*What to do:* Nothing but the lines from the one with "E-shop Trampolína Elegant" through the end of the records may appear in the answer, each reproduced exactly, pictures omitted.

(Extracted records)
________

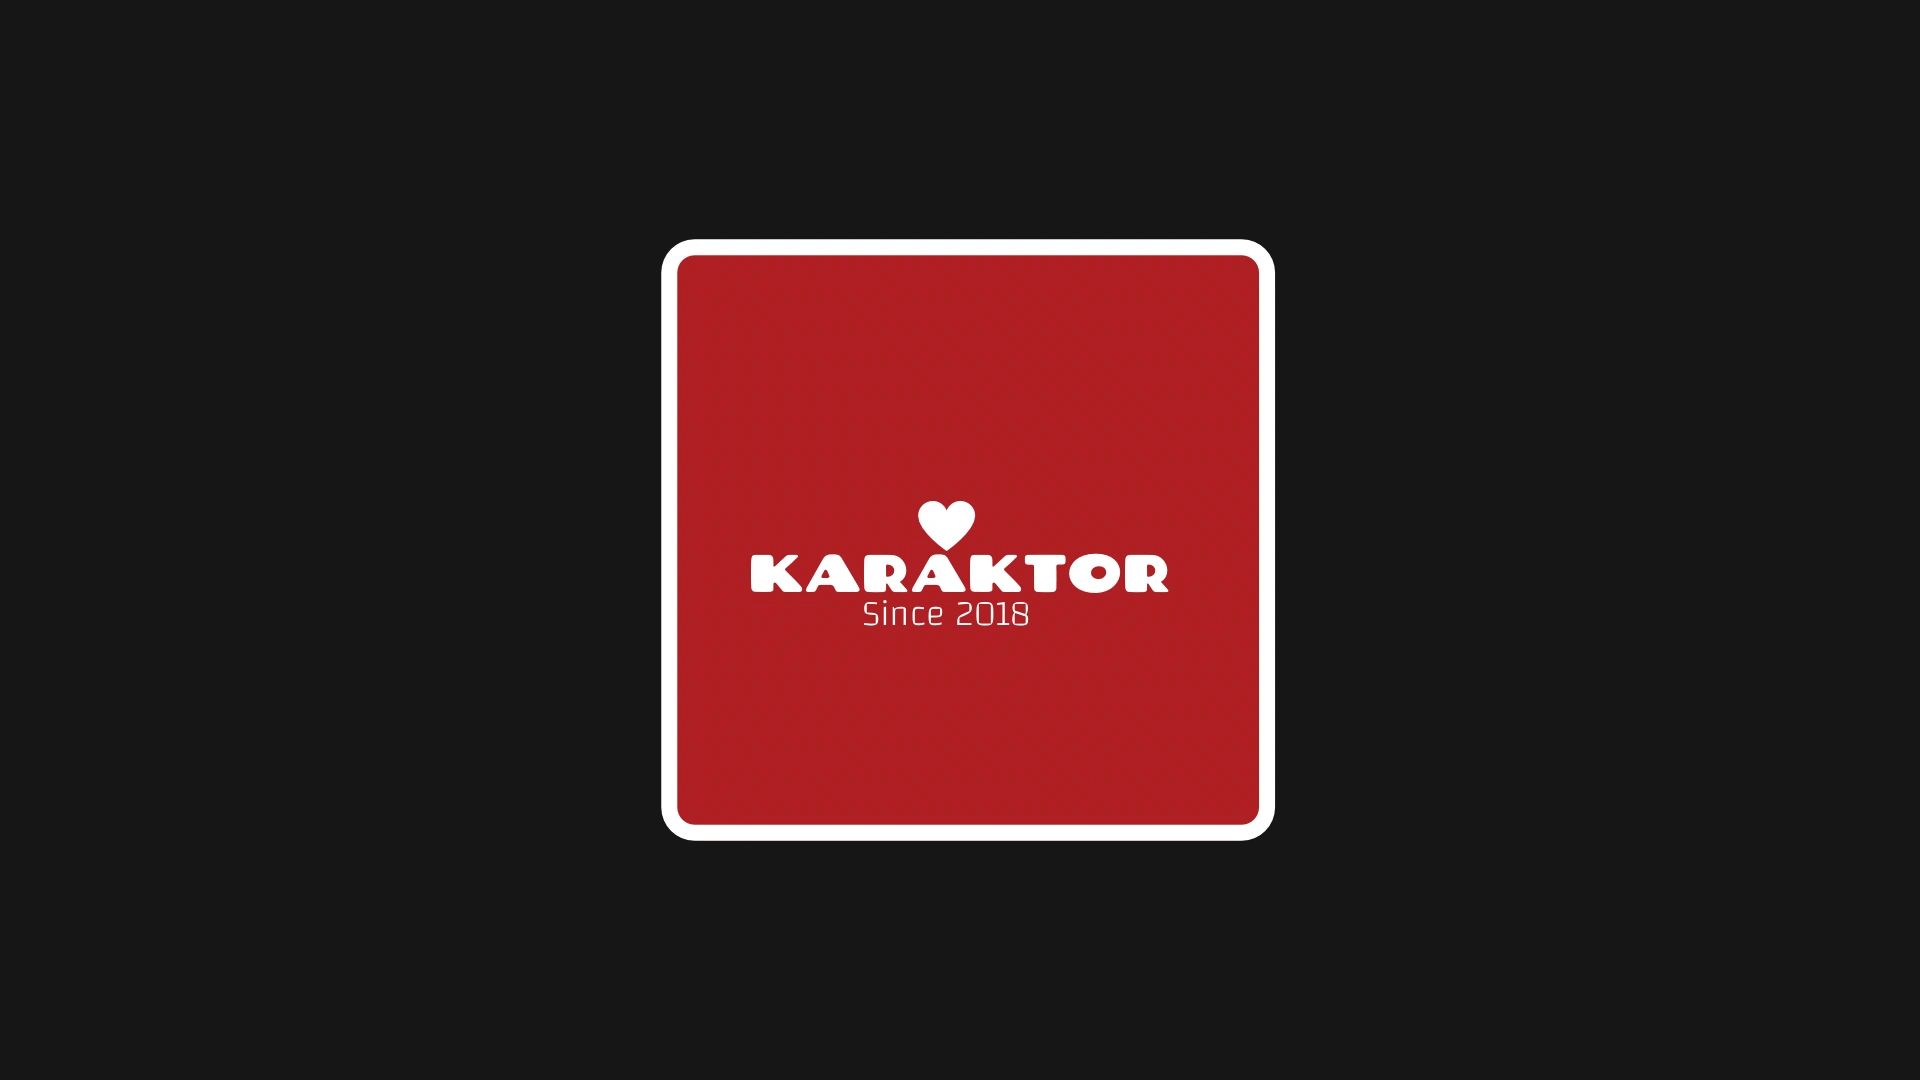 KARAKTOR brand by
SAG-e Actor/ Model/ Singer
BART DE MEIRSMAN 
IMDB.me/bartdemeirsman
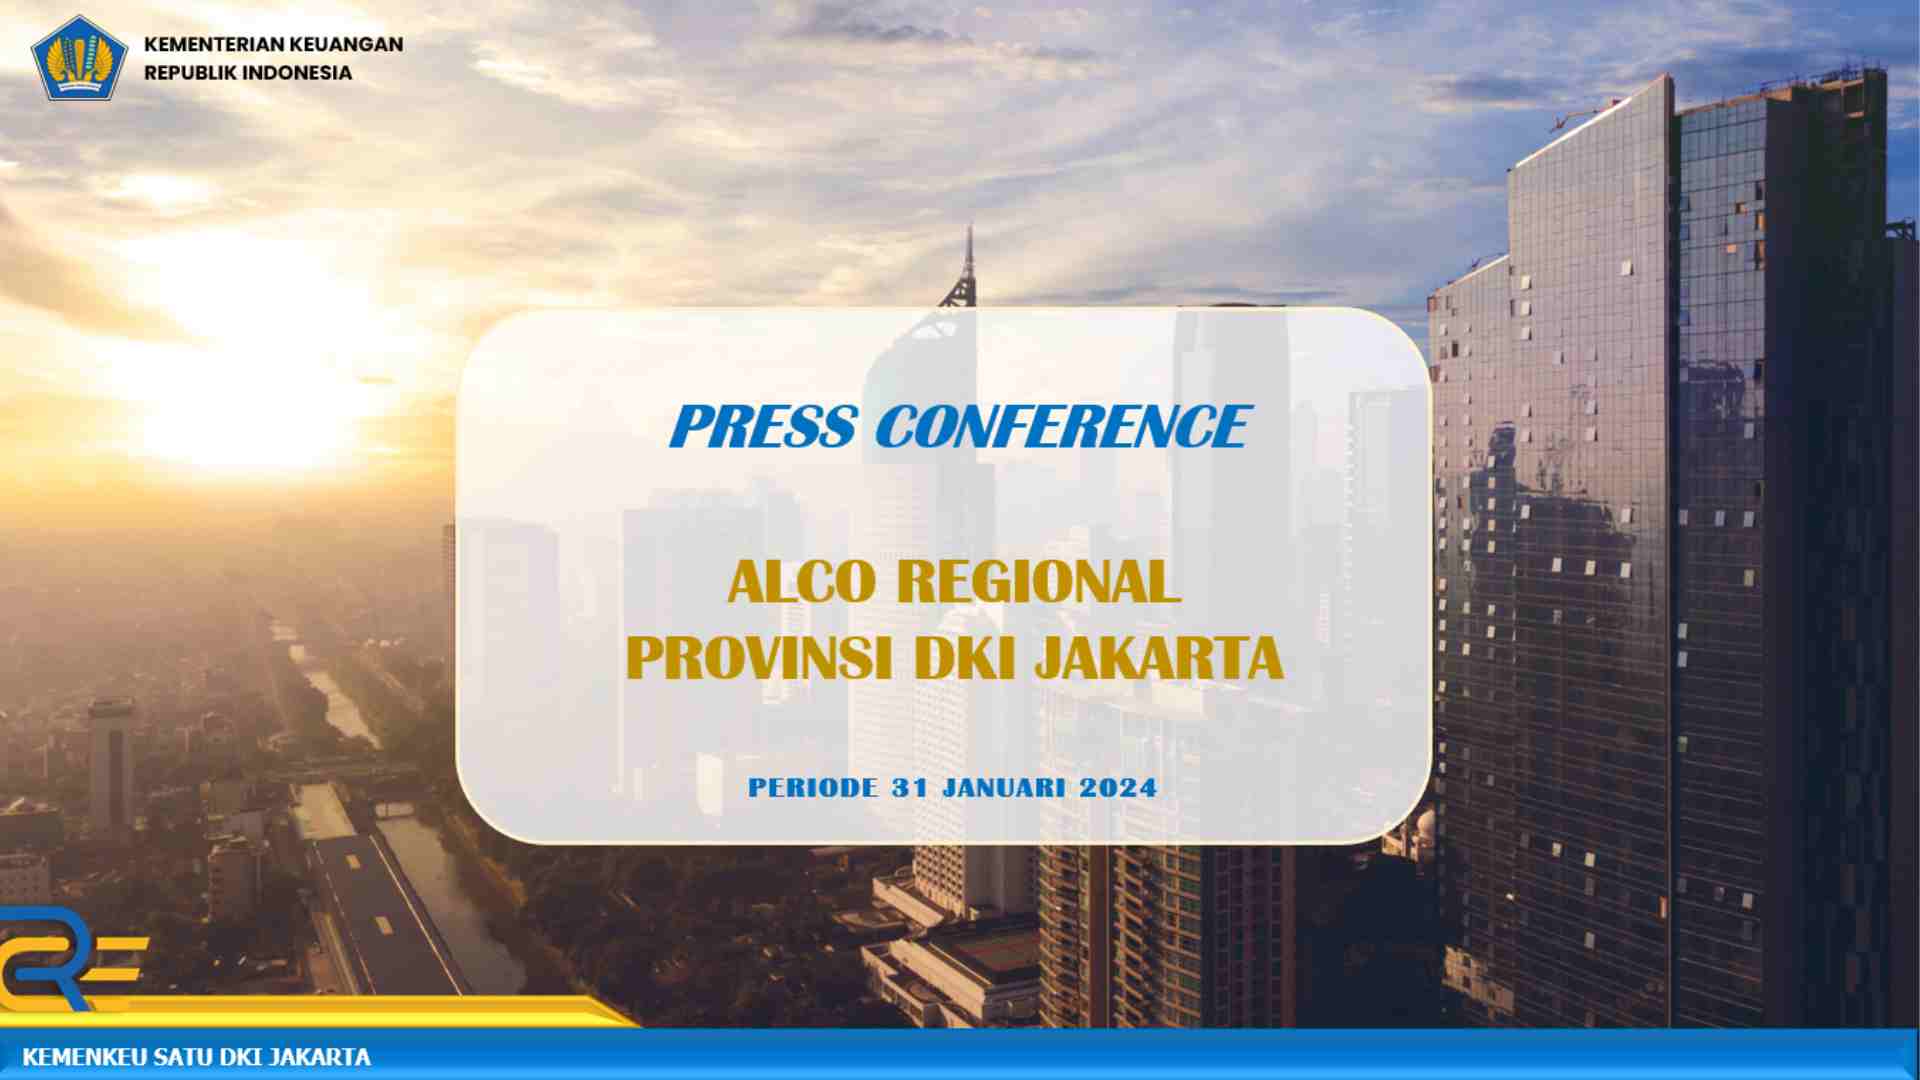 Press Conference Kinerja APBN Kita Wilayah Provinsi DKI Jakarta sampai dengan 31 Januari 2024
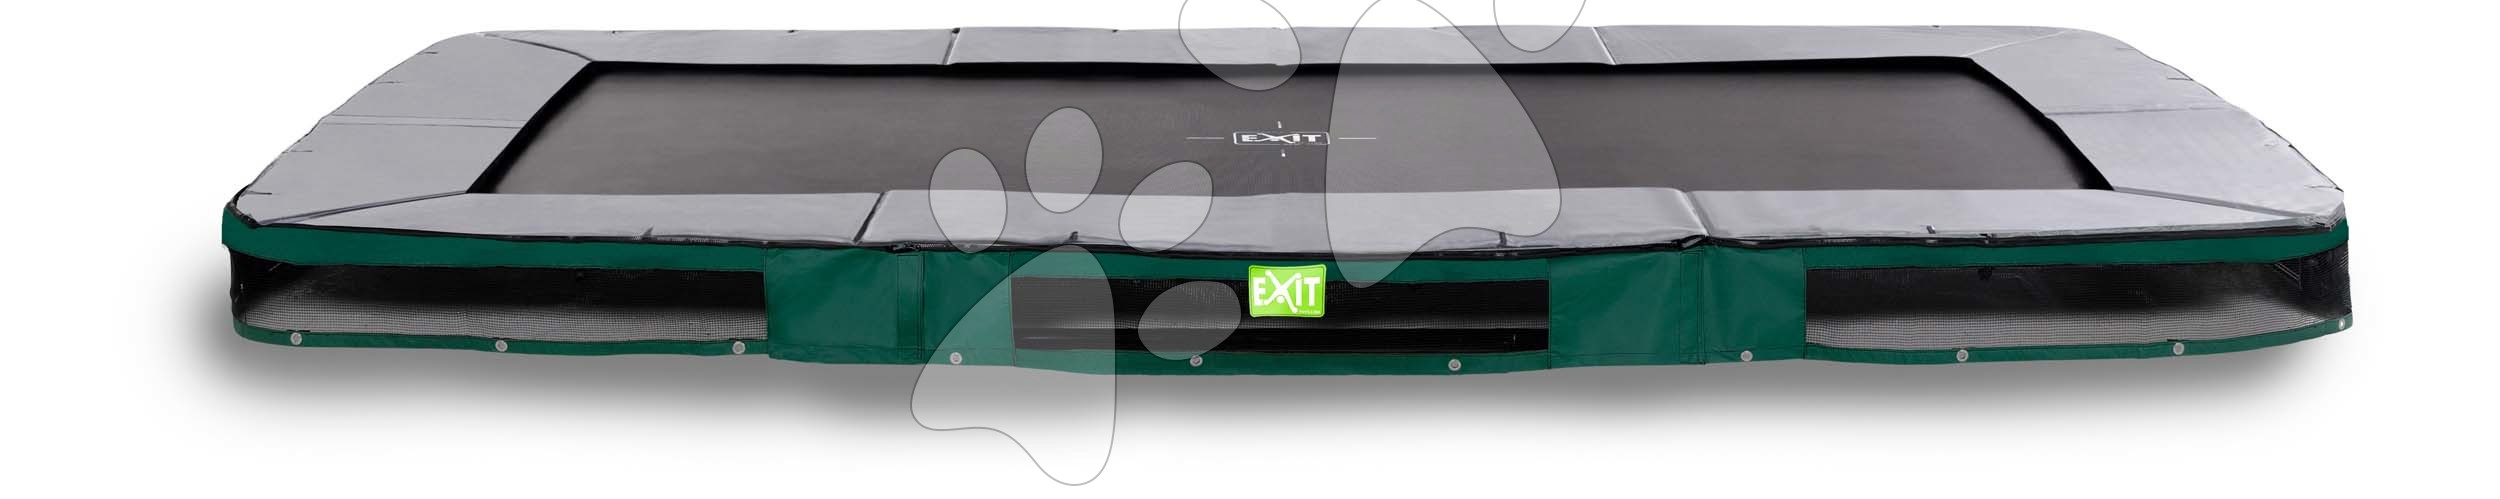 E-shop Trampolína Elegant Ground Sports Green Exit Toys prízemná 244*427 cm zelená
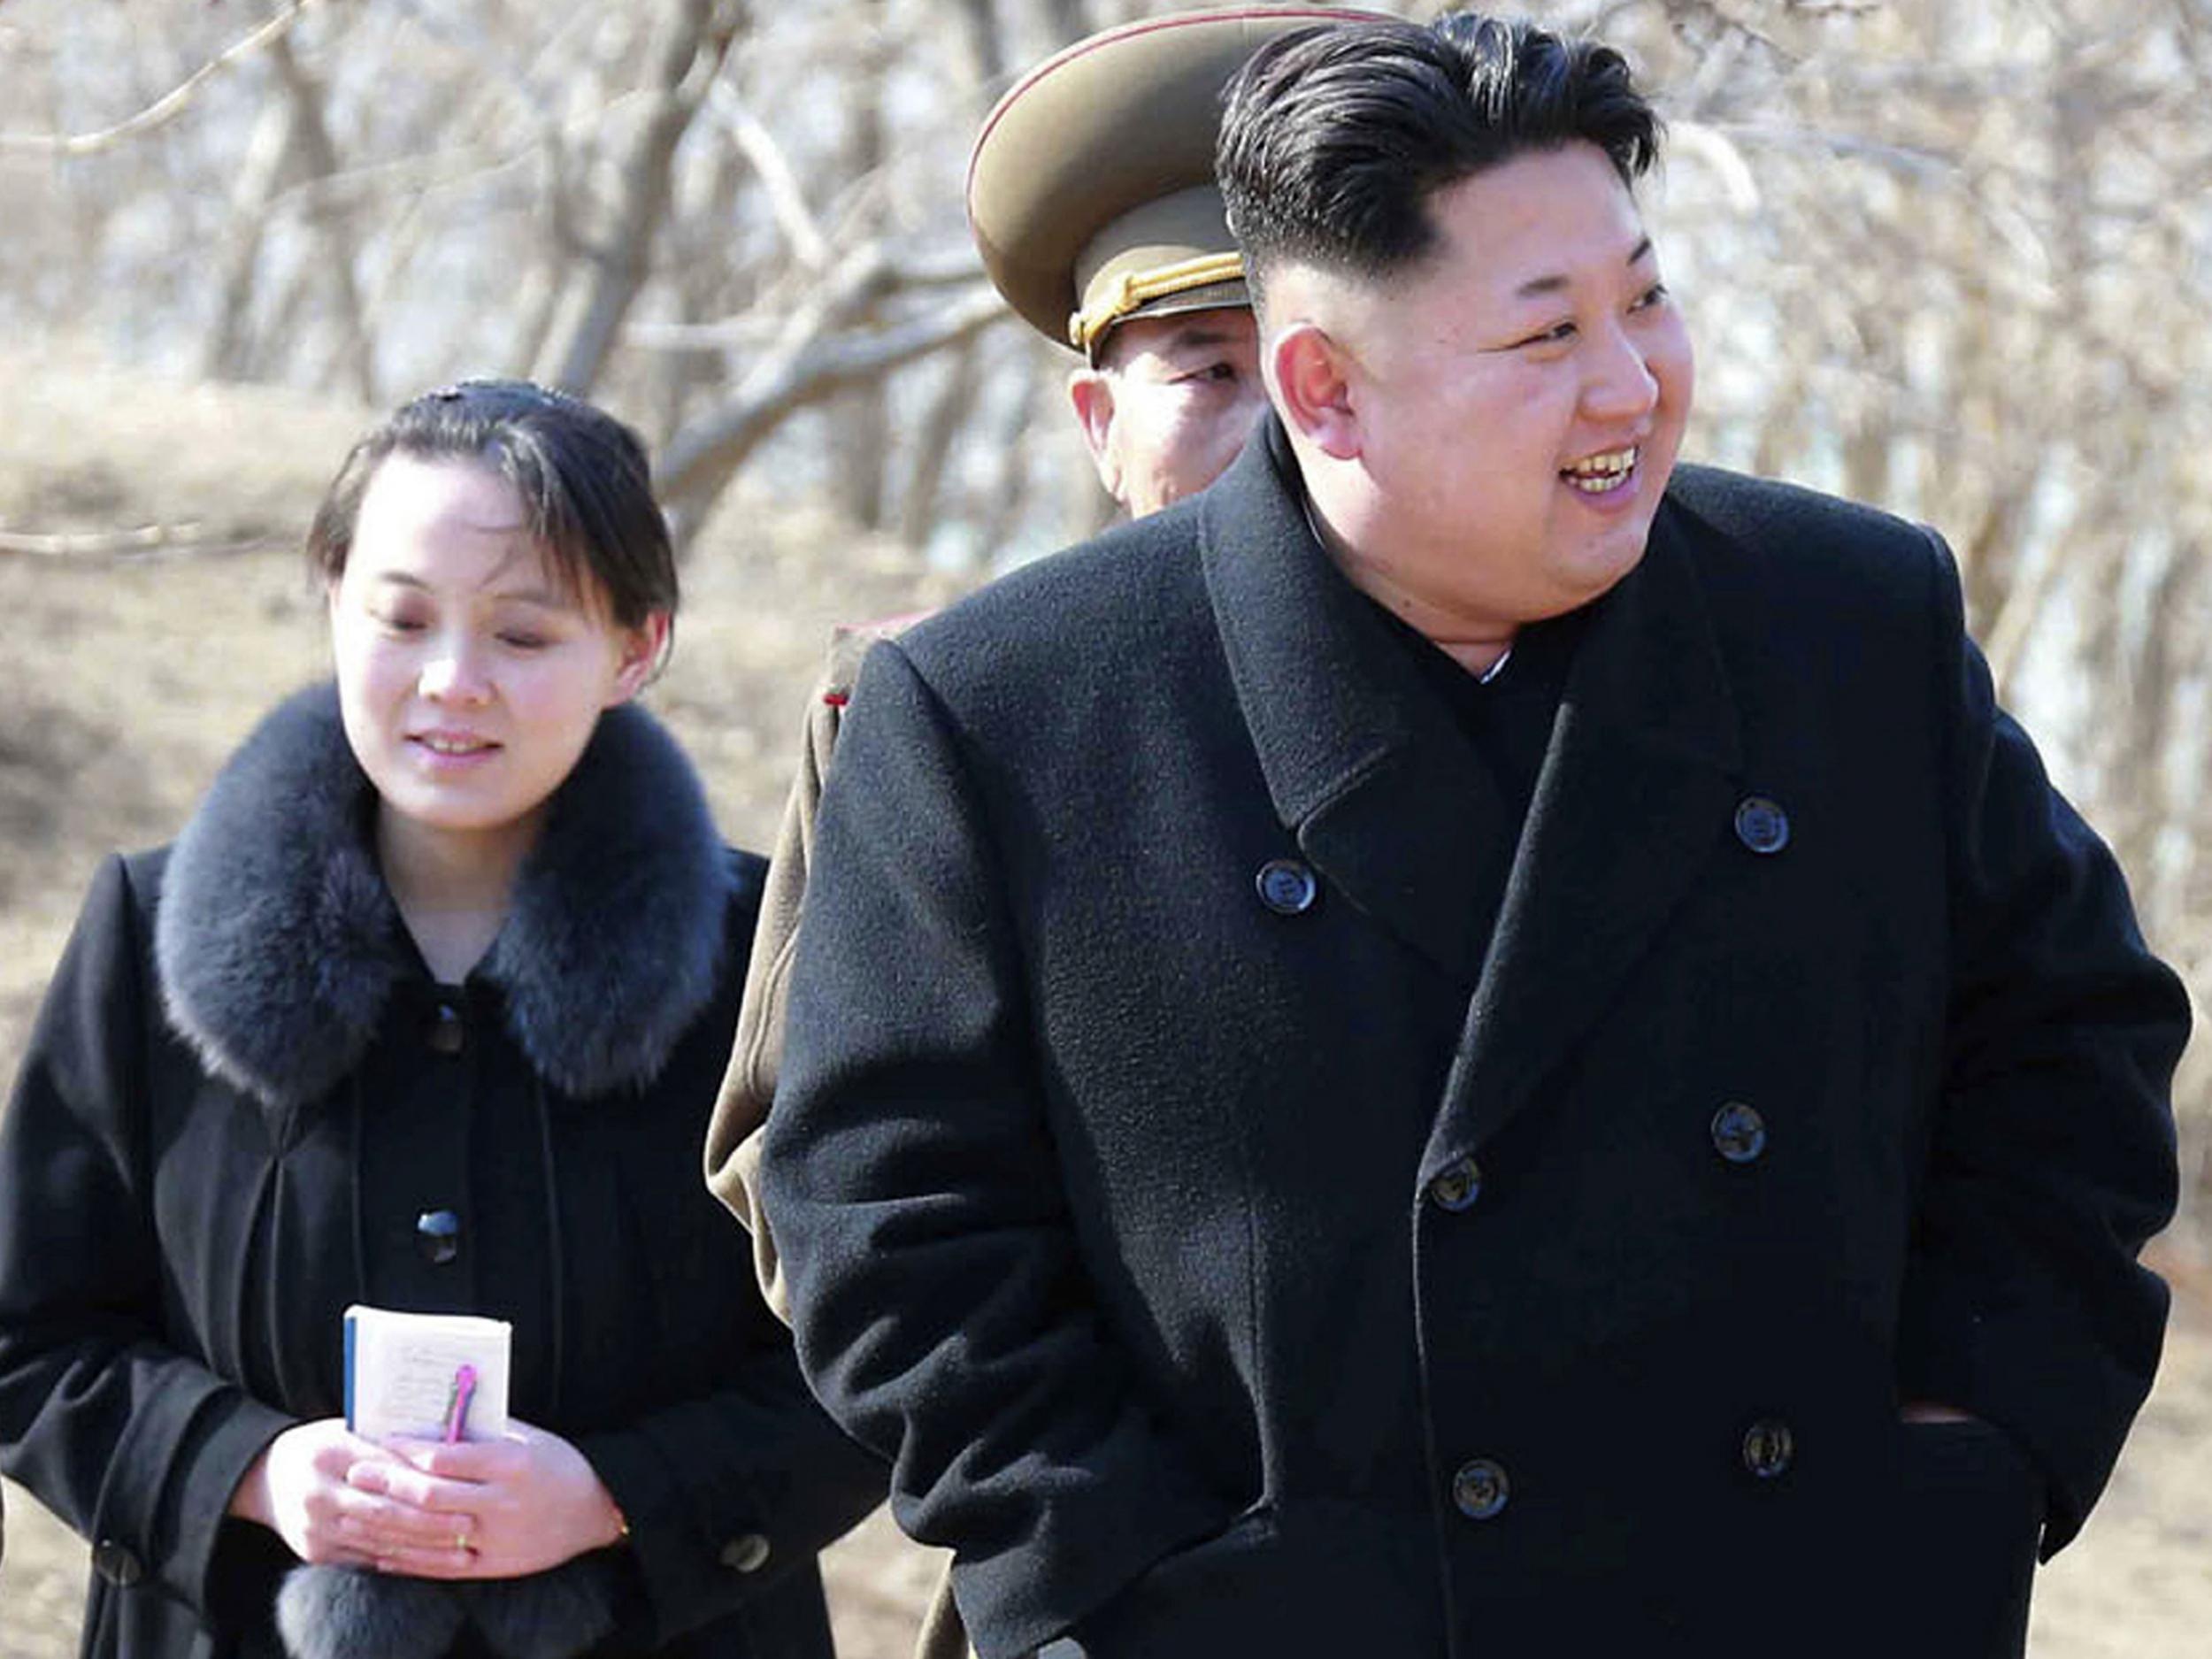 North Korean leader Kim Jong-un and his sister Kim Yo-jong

________

*Result of this exercise:*
 E-shop Trampolína Elegant Ground Sports Green Exit Toys prízemná 244*427 cm zelená
 North Korean leader Kim Jong-un and his sister Kim Yo-jong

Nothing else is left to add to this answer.